══ DATA RECORDS ══
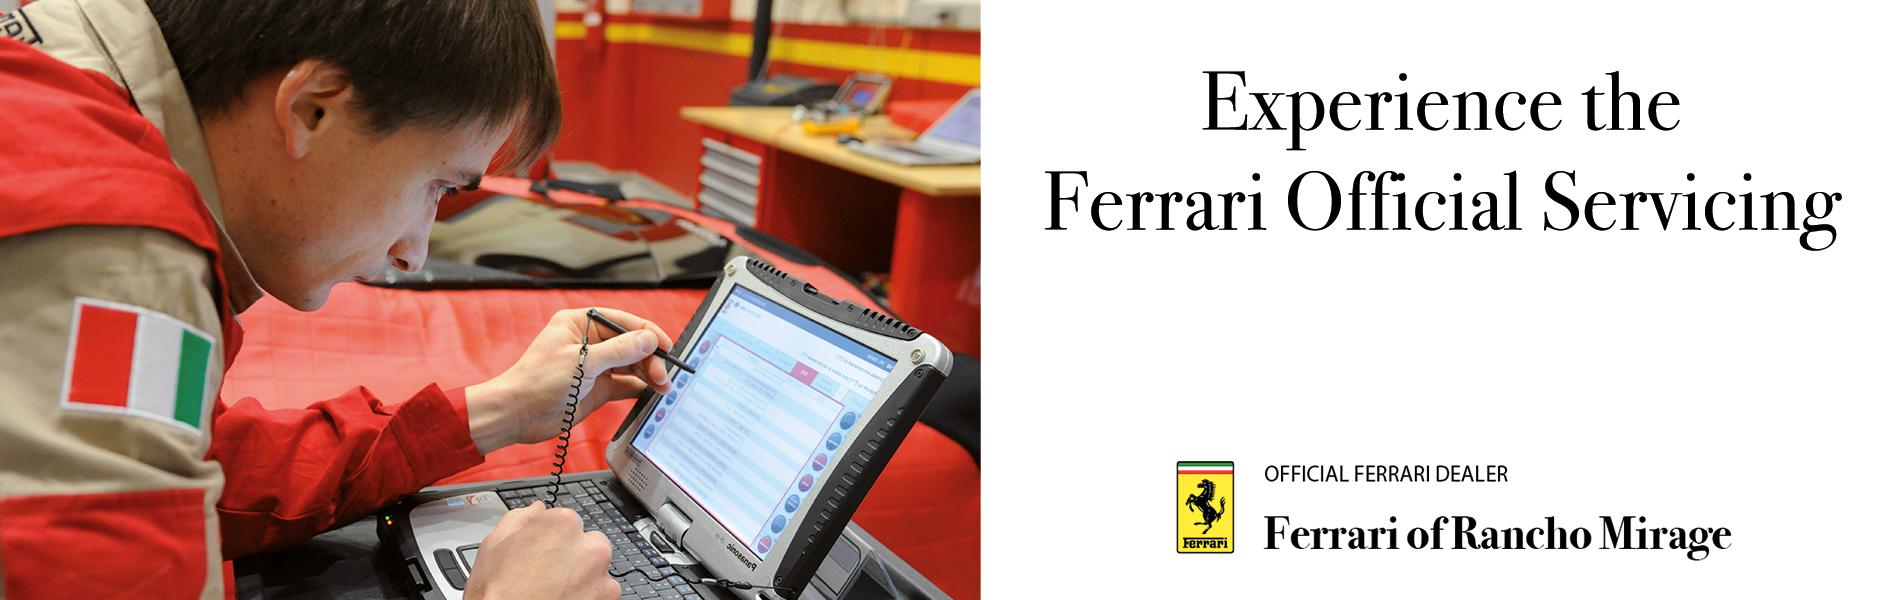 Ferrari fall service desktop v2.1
═══
══ DATA RECORDS ══
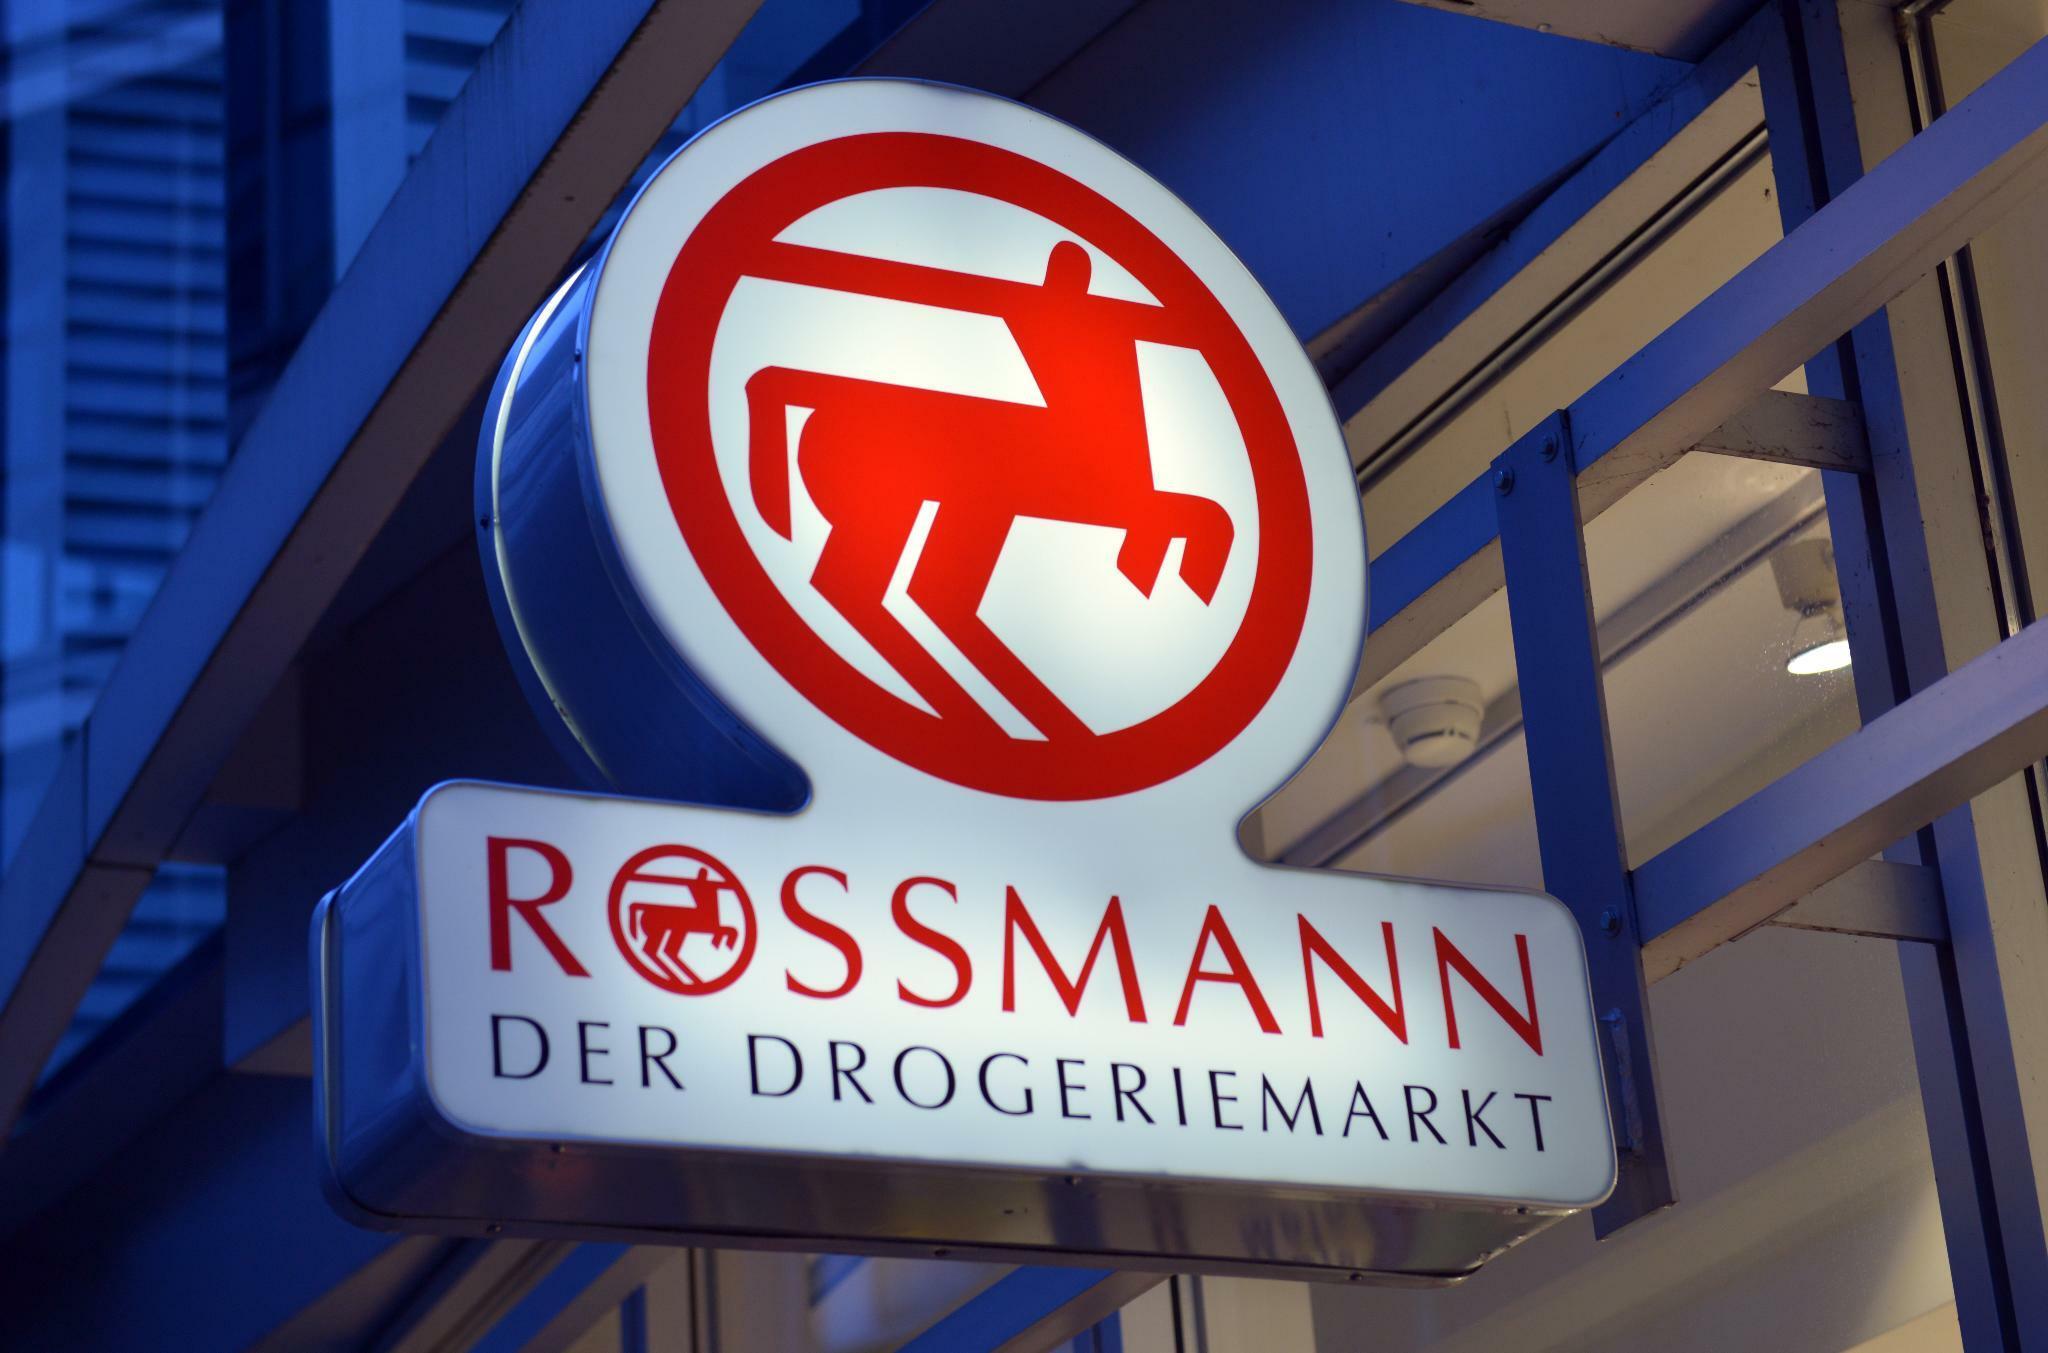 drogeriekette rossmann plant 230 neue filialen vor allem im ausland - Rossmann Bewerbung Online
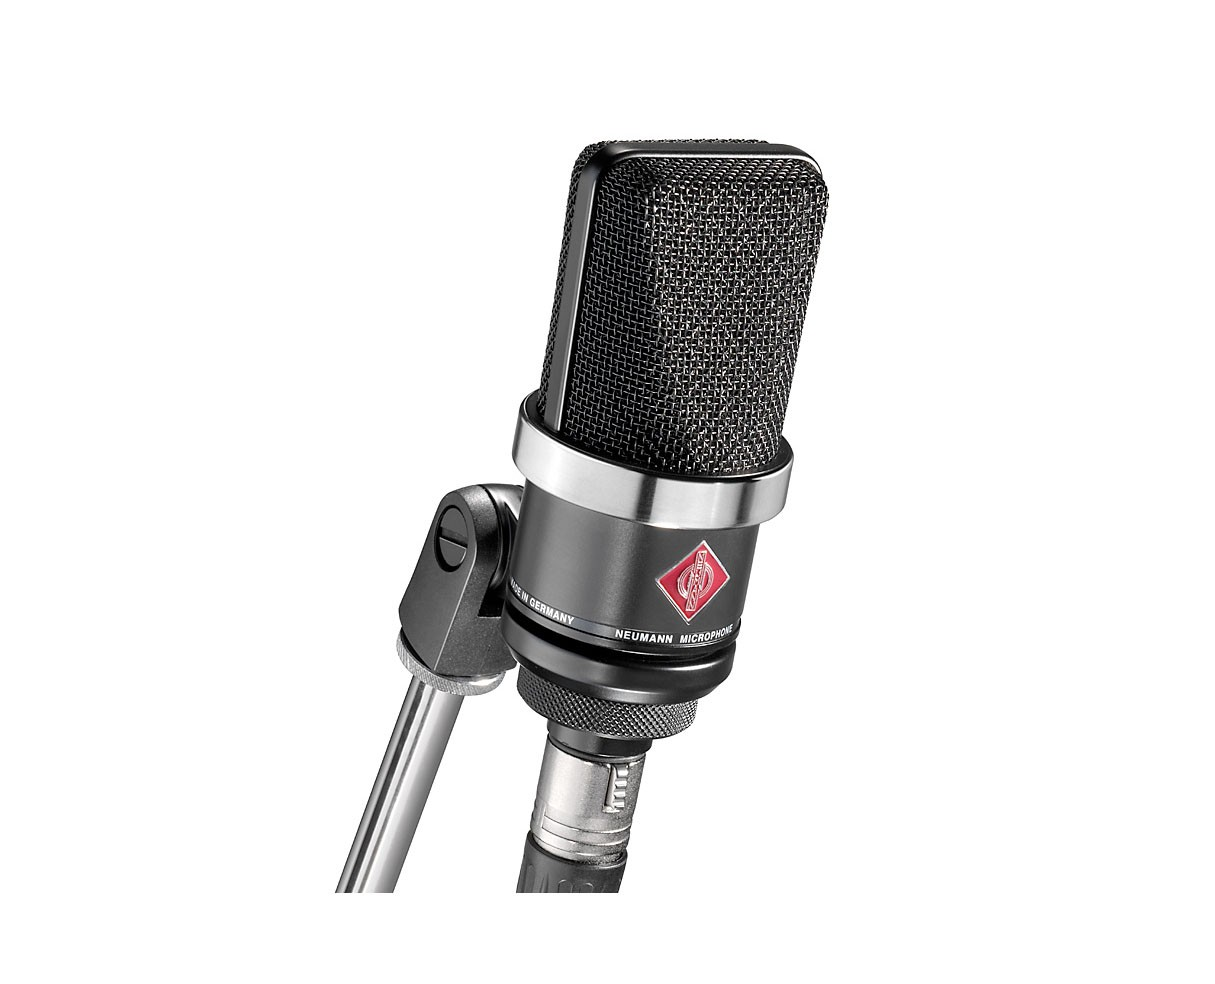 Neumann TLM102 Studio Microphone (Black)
═══
• WHAT THIS TASK INVOLVES:
Only the lines above from the one with "drogeriekette rossmann plant" to the one with "Neumann TLM102 Studio Microphone (Black)" should be printed, both included and exactly as written; no picture belongs in the copy.

• OUTPUT FOR THIS TASK:
 drogeriekette rossmann plant 230 neue filialen vor allem im ausland - Rossmann Bewerbung Online
 Neumann TLM102 Studio Microphone (Black)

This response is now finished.